## INFORMATION PROVIDED
○ ○ ○ ○ ○
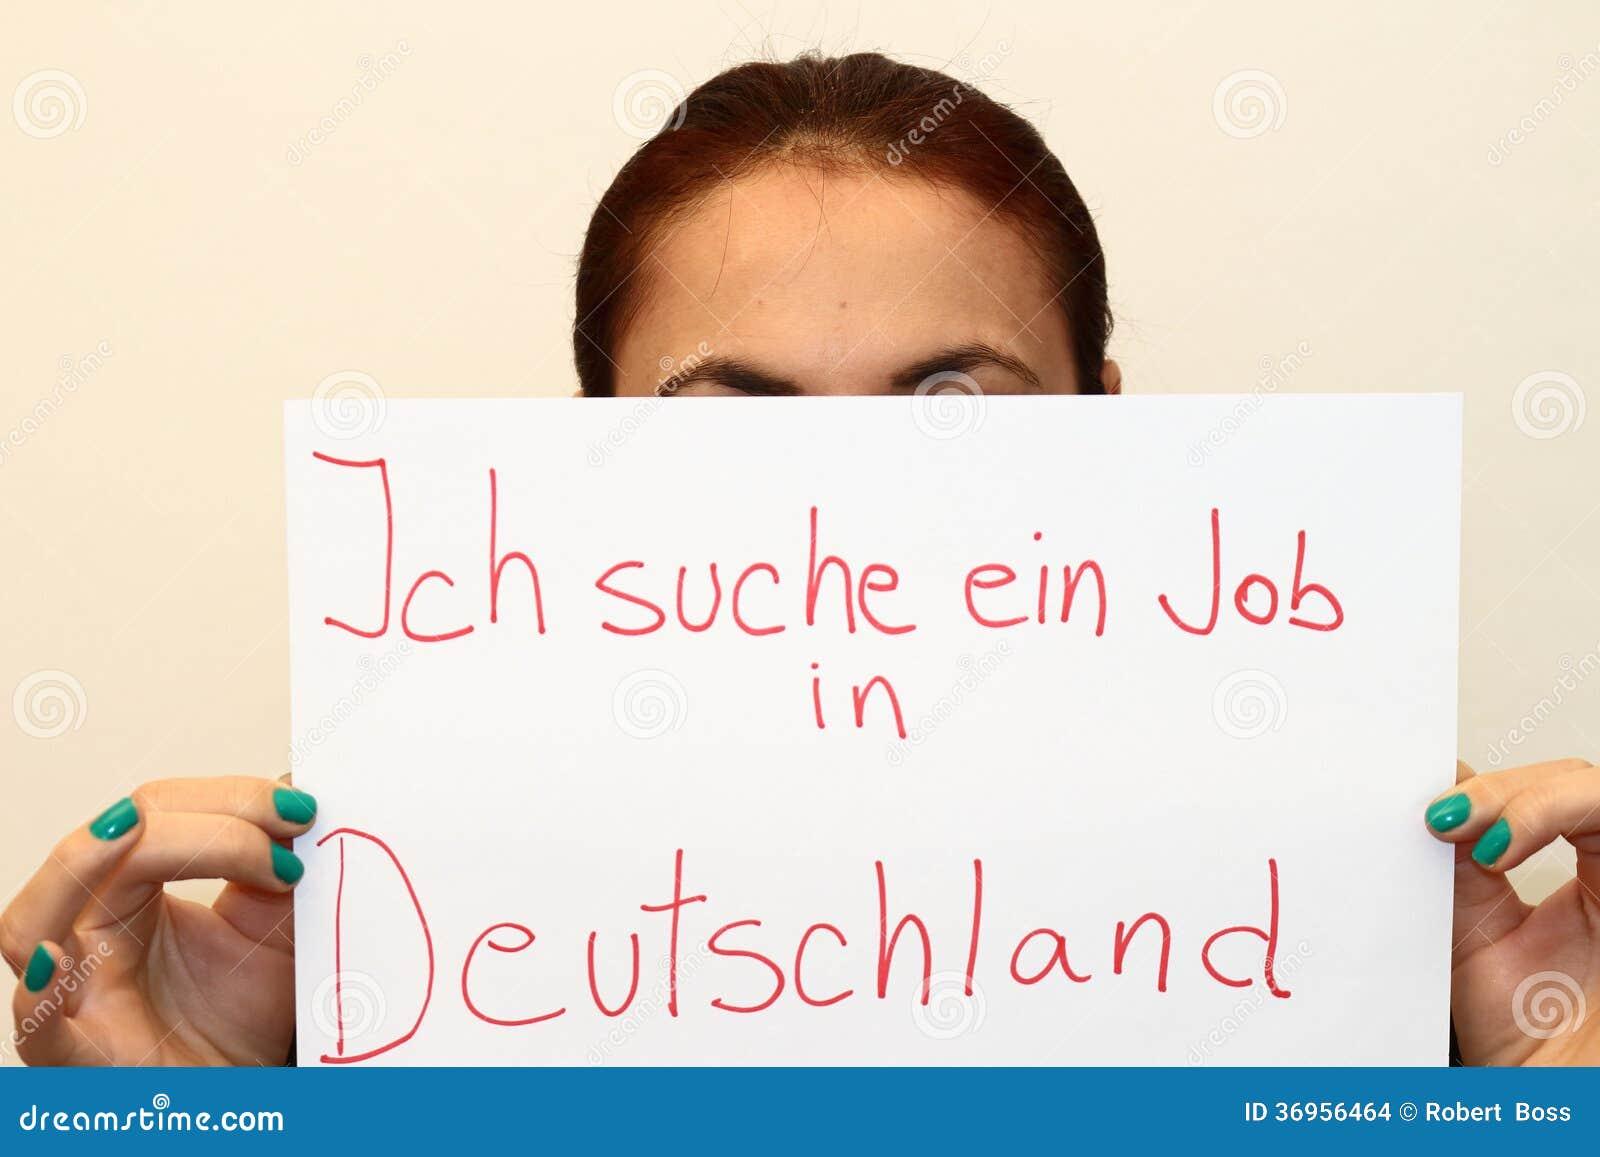 söka jobb i tyskland
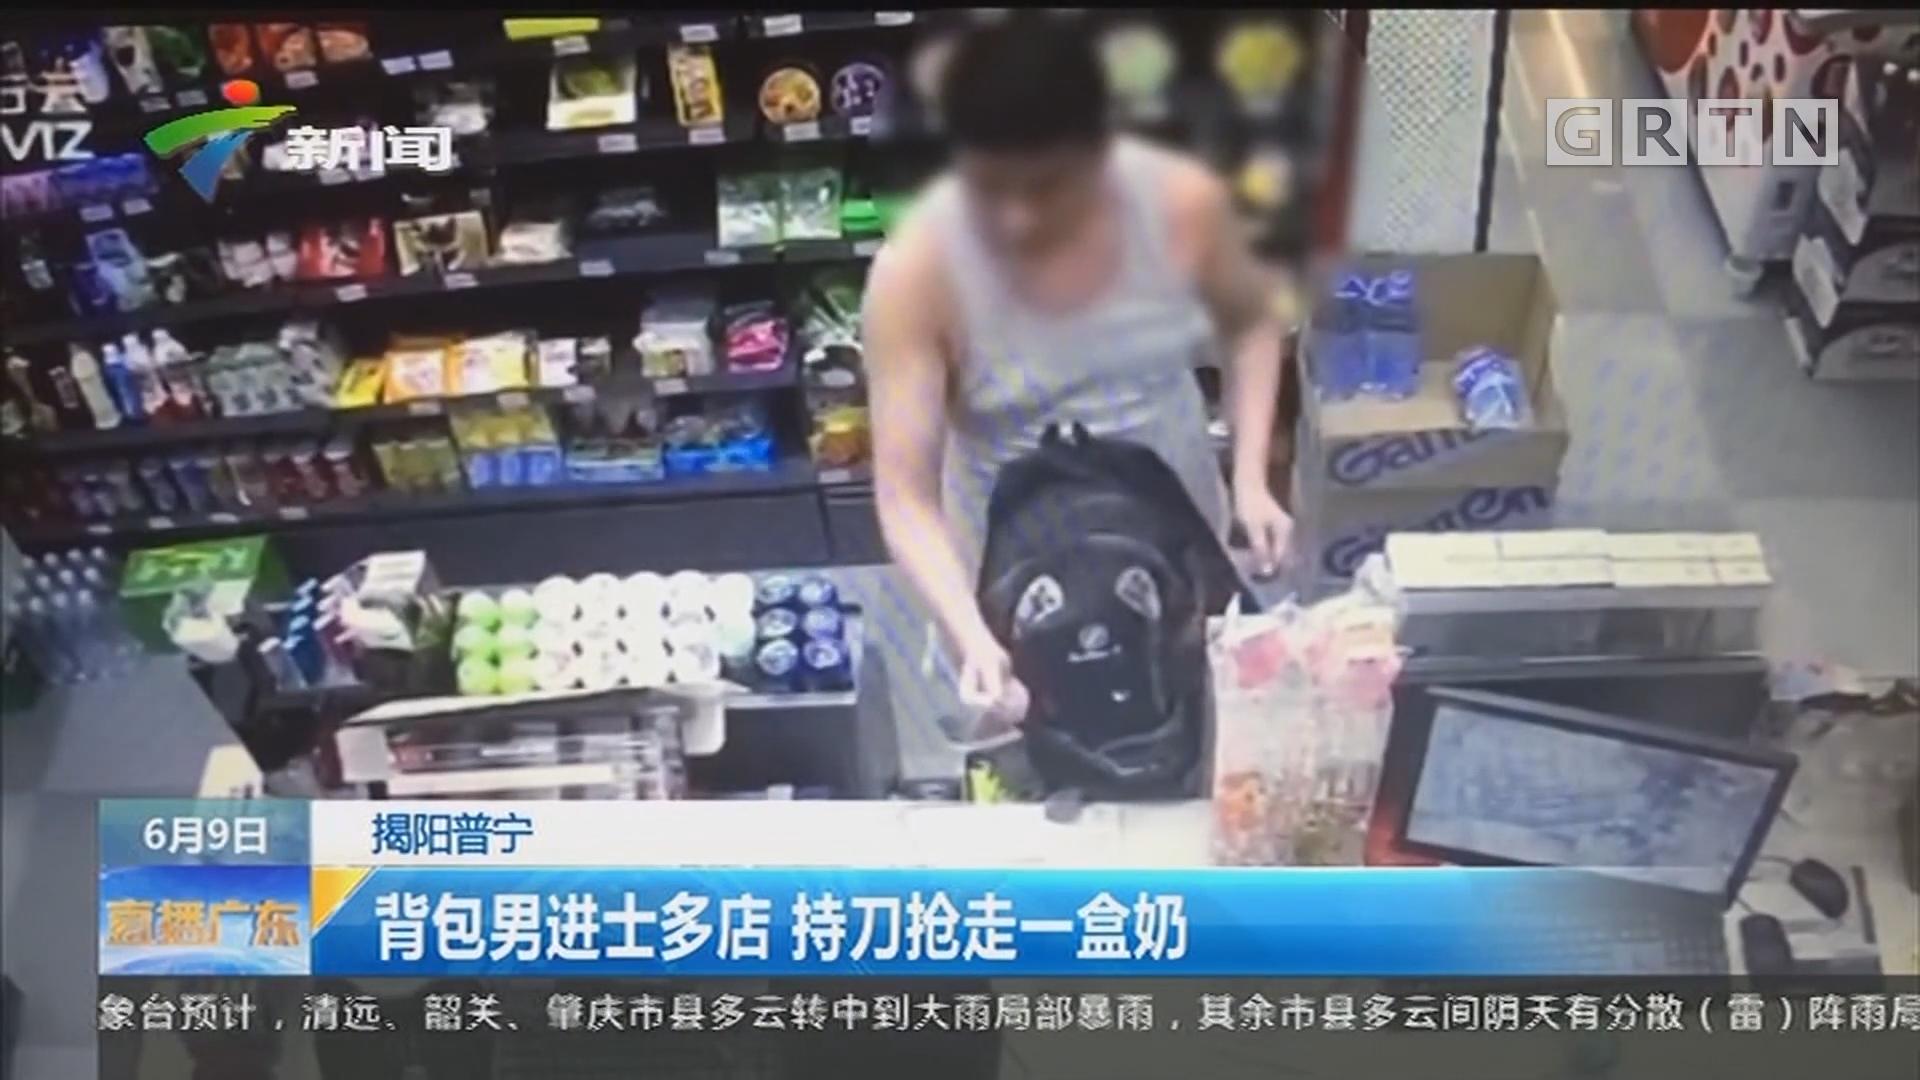 揭阳普宁:背包男进士多店 持刀抢走一盒奶
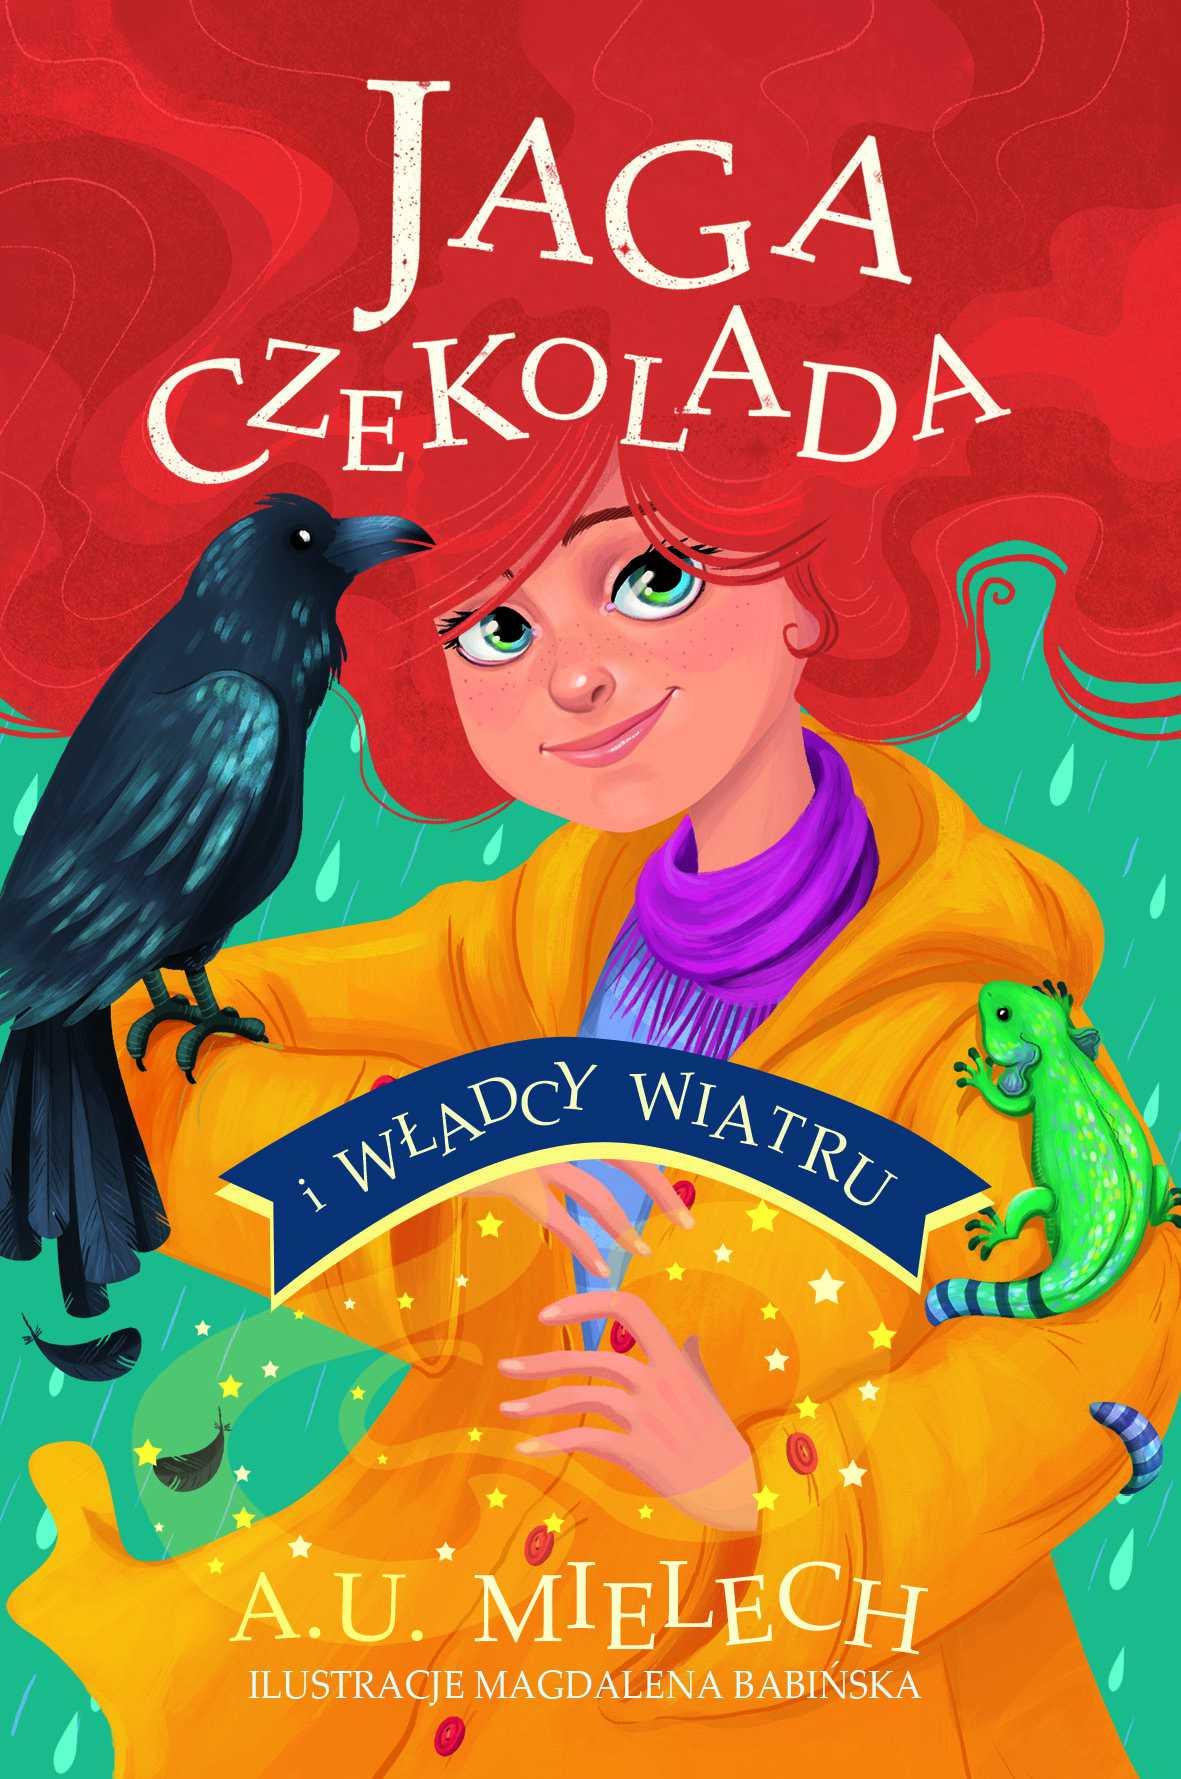 Jaga Czekolada i władcy wiatru. T. 2 - Ebook (Książka na Kindle) do pobrania w formacie MOBI
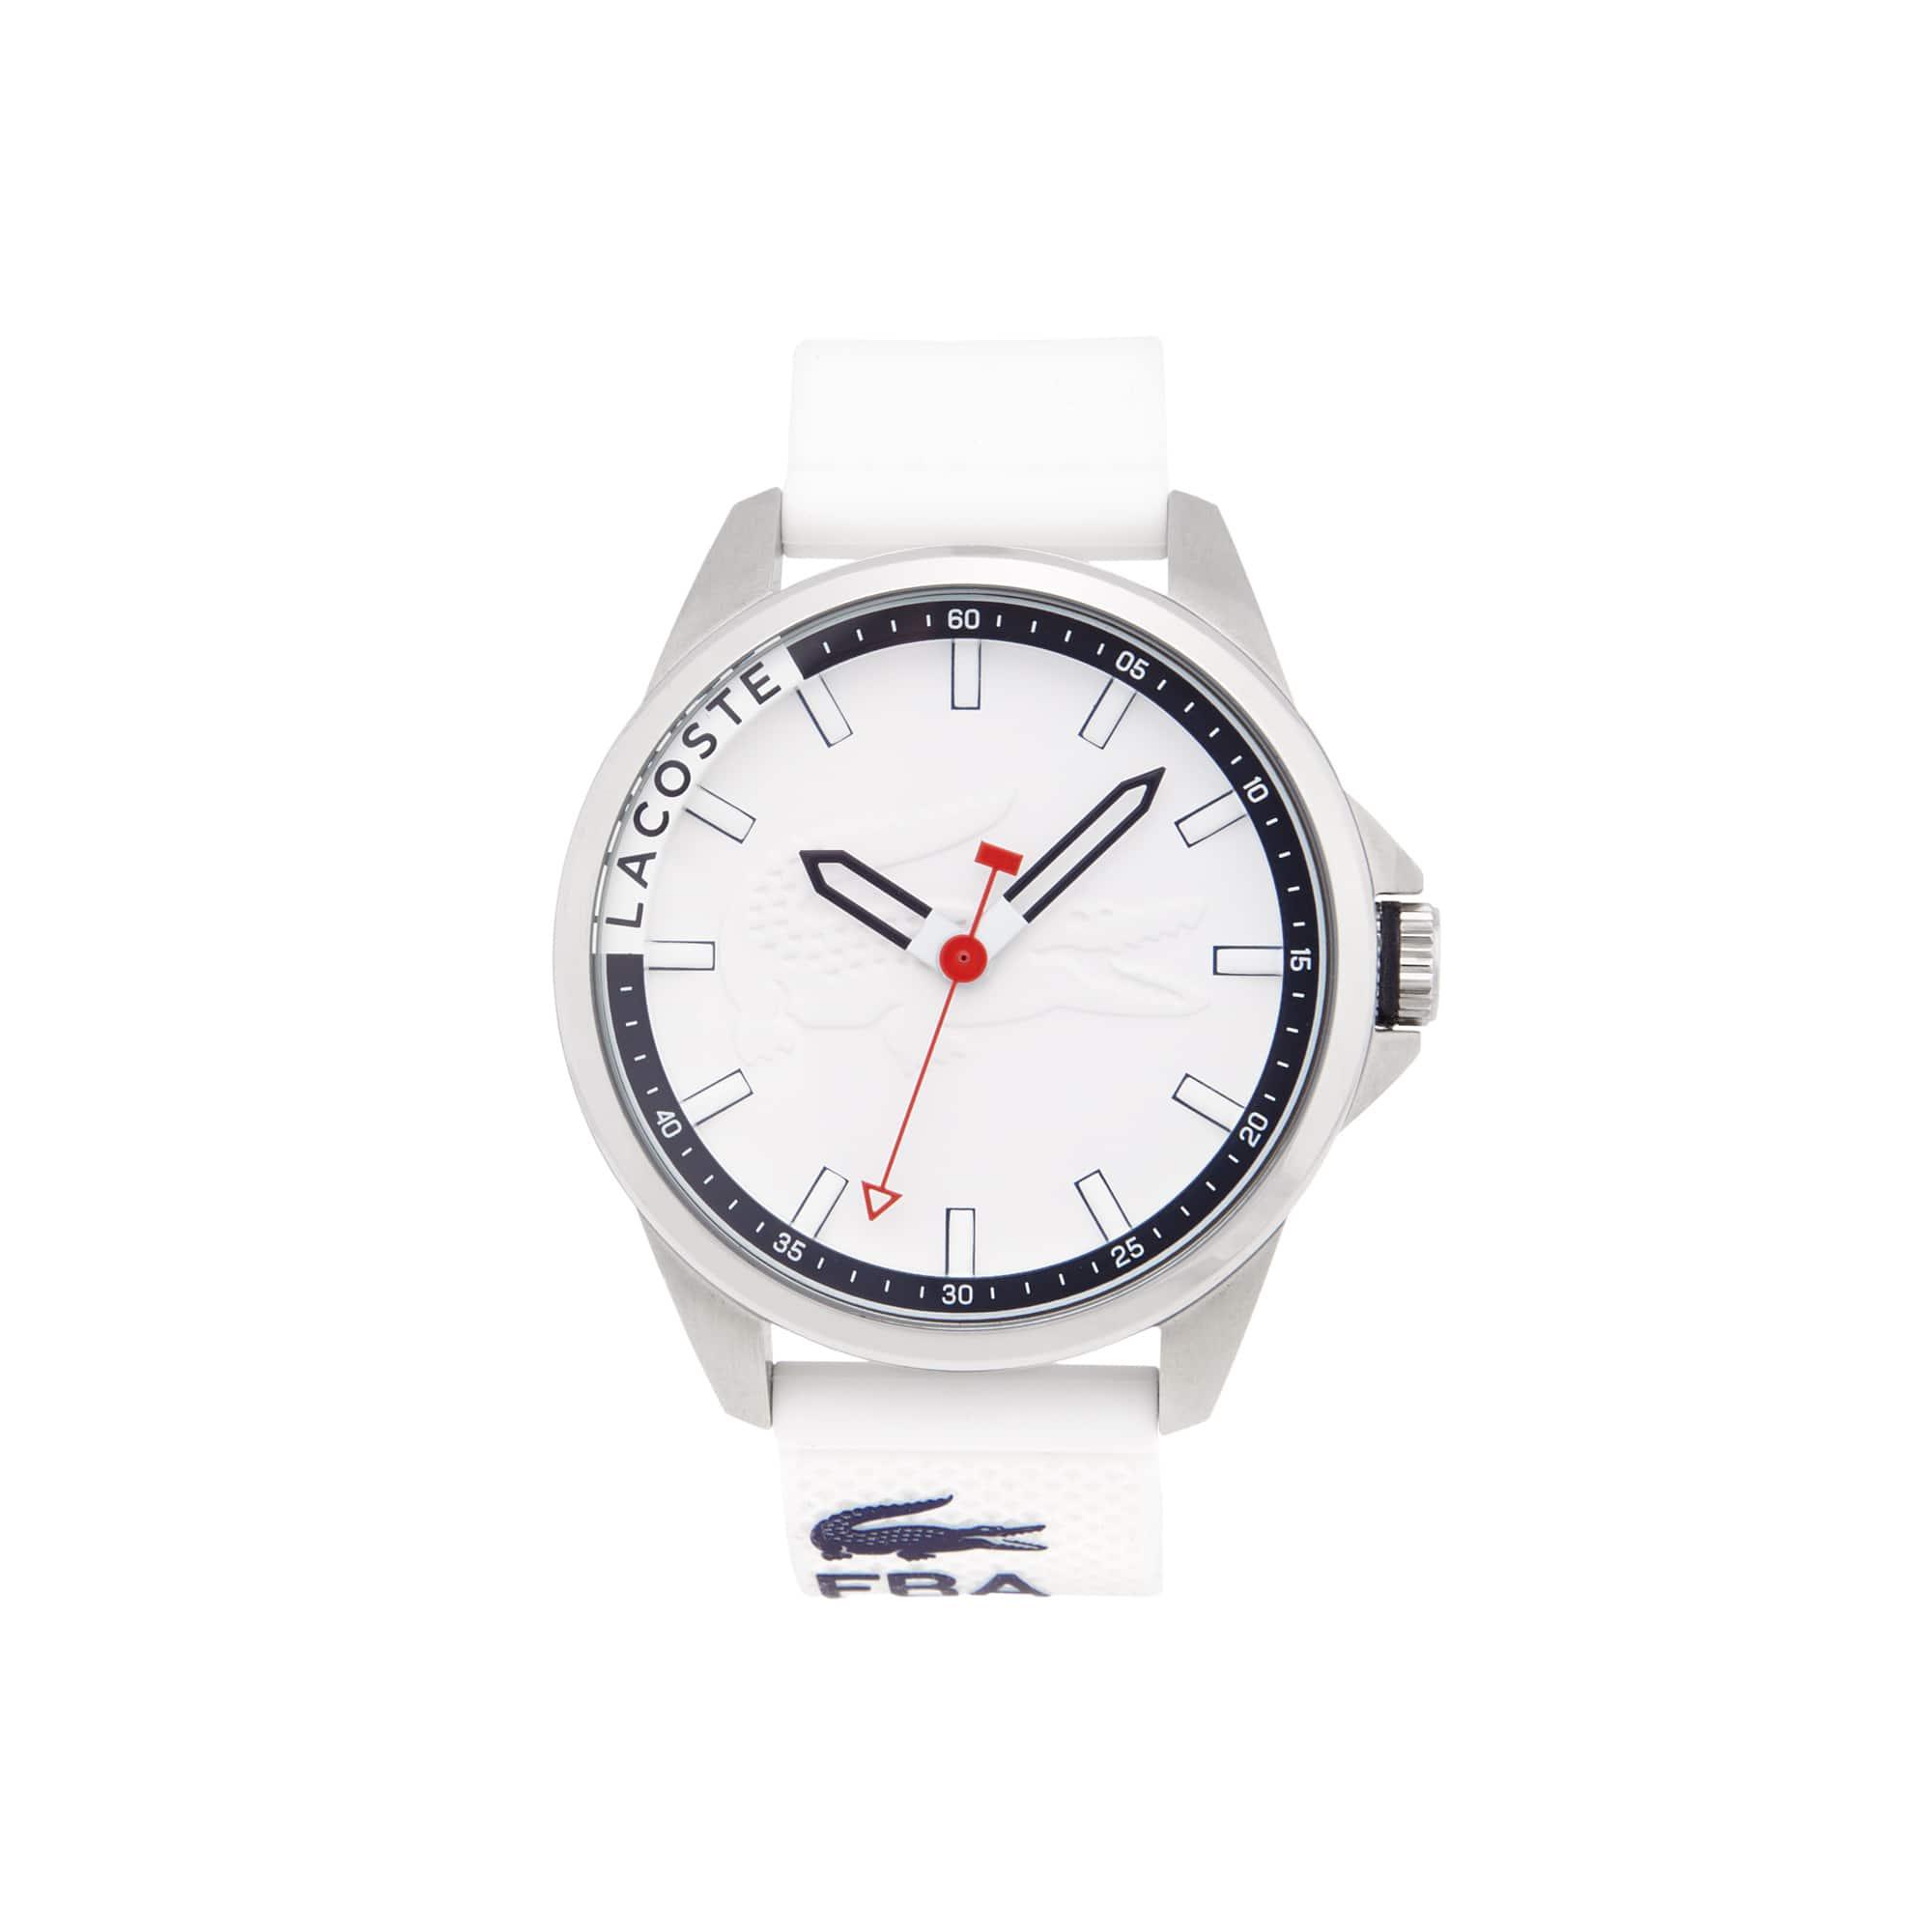 Relógio Capbreton Homem com Bracelete em Silicone Branco
○ ○ ○ ○ ○
## WORK REQUEST
The whole listing above, minus its pictures, is what you should write out word for word.

## COMPLETED TASK
 söka jobb i tyskland
 揭阳普宁:背包男进士多店 持刀抢走一盒奶
 Jaga Czekolada i władcy wiatru. T. 2 - Ebook (Książka na Kindle) do pobrania w formacie MOBI
 Relógio Capbreton Homem com Bracelete em Silicone Branco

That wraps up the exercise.